Brief: Hamilton Lane Inc. is putting the probability of an economic downturn this year at zero, according to Chief Executive Officer Mario Giannini. “There is virtually no chance that there is a recession in 2021,” Giannini said Thursday during the firm’s annual market overview. “We’re not going into a downturn, and in fact we may have an even stronger environment than people expect.” The Bala Cynwyd, Pennsylvania-based alternative-asset manager, which oversees about $657 billion, believes that central banks will continue to plow more money into the system to hold up markets. “When you look at what governments are doing in the U.S., in Europe, everywhere -- they are saying this pandemic was no one’s fault and we are not going to allow economies to turn down and not do something about it,” said Giannini. “So we think they are going to continue to provide enormous fiscal stimulus through this year.” Giannini said interest rates will remain low for a longer period of time than expected. He did predict one wild card: the possibility of an inflation scare from pent-up demand for a return to pre-pandemic life with outings such as eating at restaurants and taking trips driving “an enormous amount of activity.”
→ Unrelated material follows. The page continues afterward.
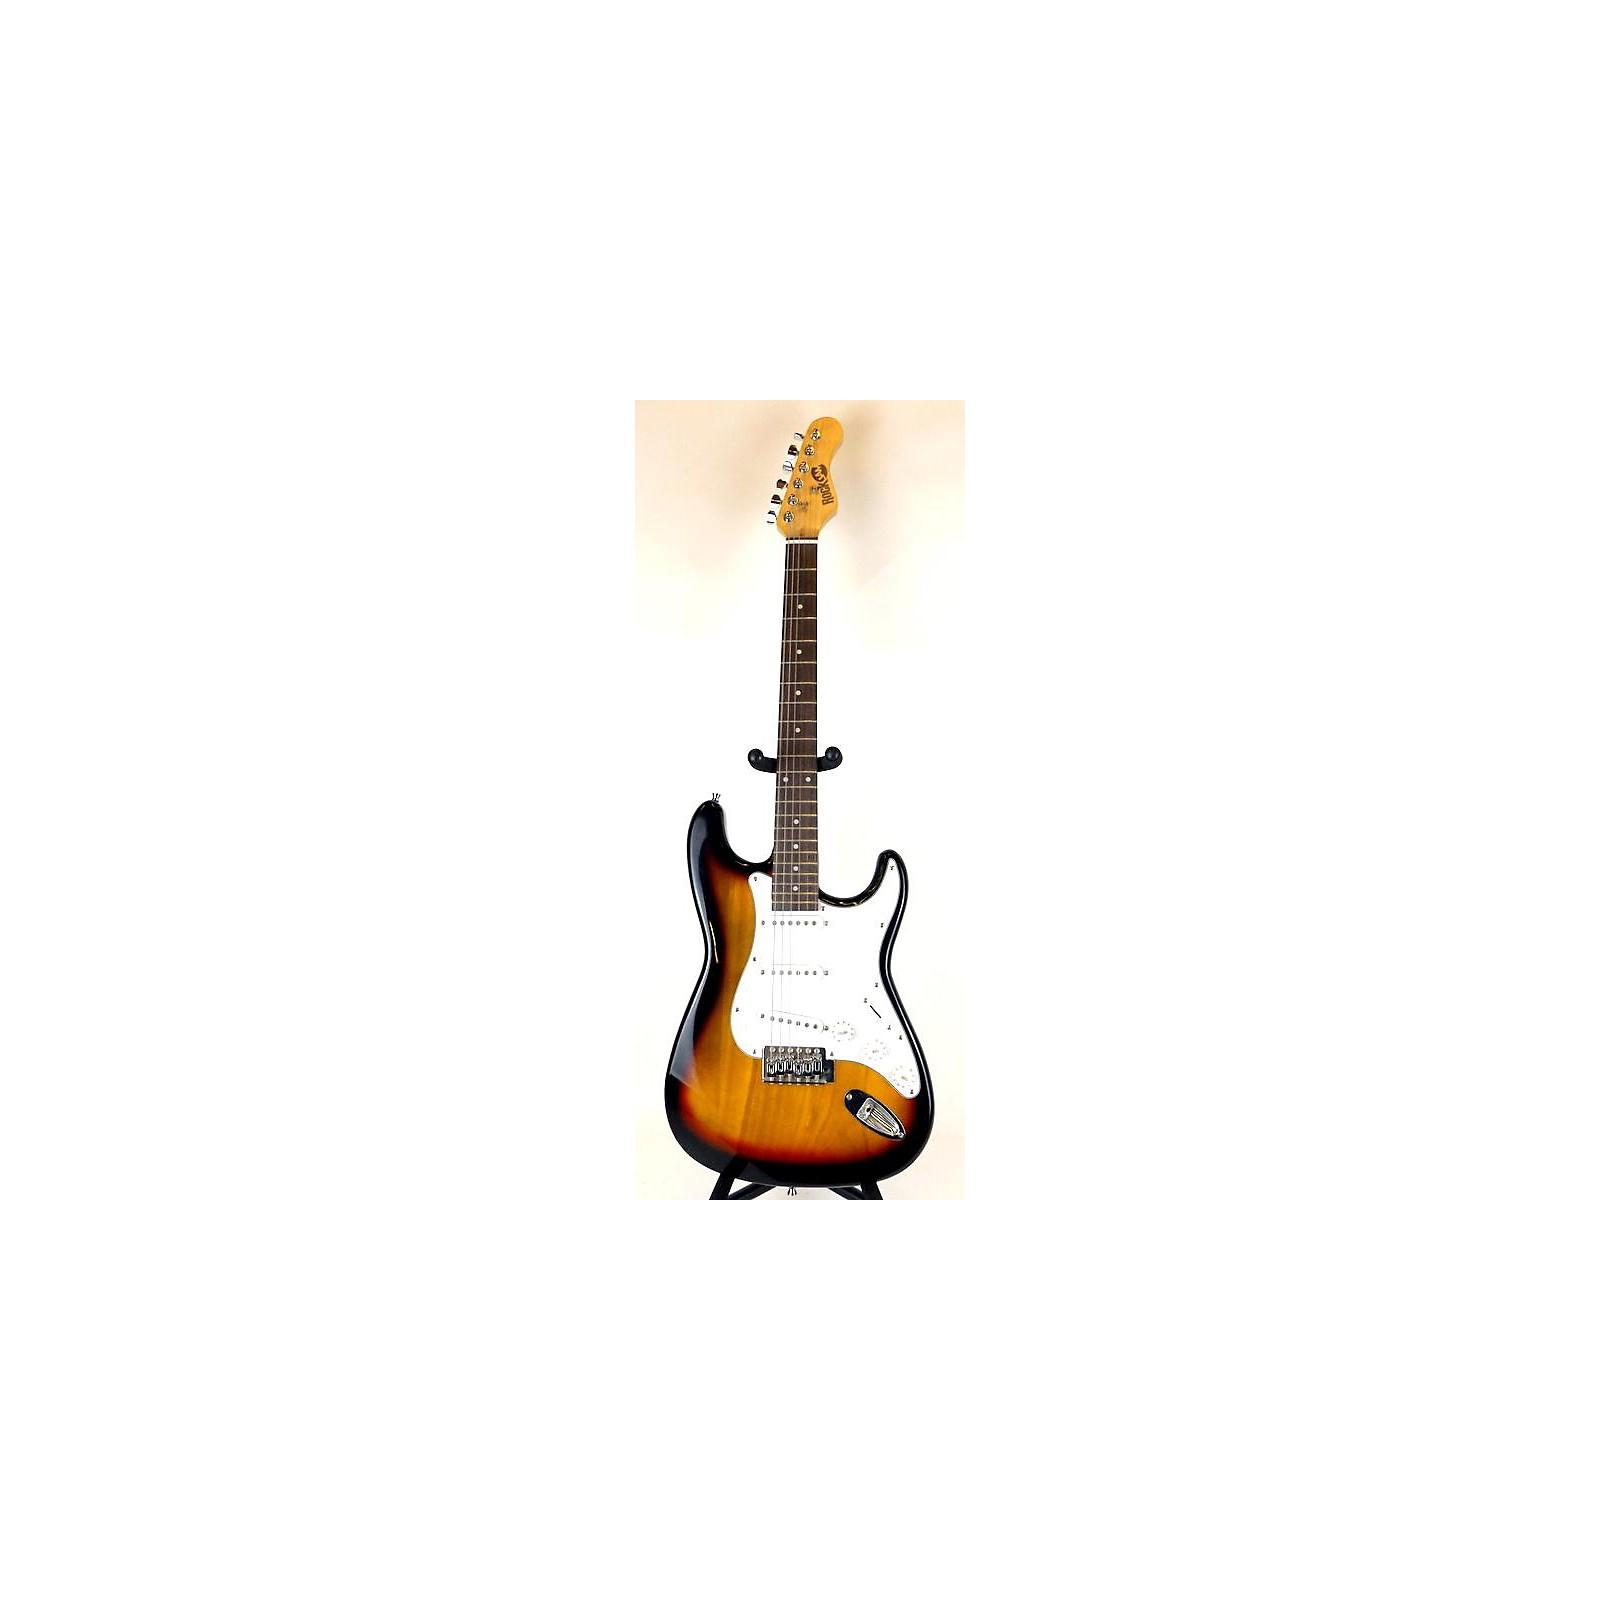 In Store Used Used Rock Jam Rock Jam 6 Sunburst Solid Body Electric Guitar

Brief: Activist hedge fund manager William Ackman, whose bets on companies are closely watched, updated investors on how his flagship fund earned a record 70.2% return in 2020 on Thursday in a socially distanced way by sending out a 57-page presentation. Normally this would be one of the rare occasions where investors could pepper the billionaire investor and his partners in person with questions about markets and individual companies over dinner in New York. Ackman has plenty to celebrate after his Pershing Square Capital Management put up a second straight year of record returns in 2020. In 2019 the fund returned 58.1%. And 2021 is off to a strong start with an 8.1% return. Because of the COVID-19 pandemic however, Ackman and his team continue to work remotely, something they started over a year ago, and there will be no public champagne cork popping or dinner tonight. It was only in 2018, over dinner, that Ackman told investors that he would stop jetting around the world to meet with investors throughout the year. He was going to focus more on researching new ideas instead of acting as his firm’s chief marketer. For investors, the shift has paid off, and Ackman called 2020 and “outstanding year” in the presentation.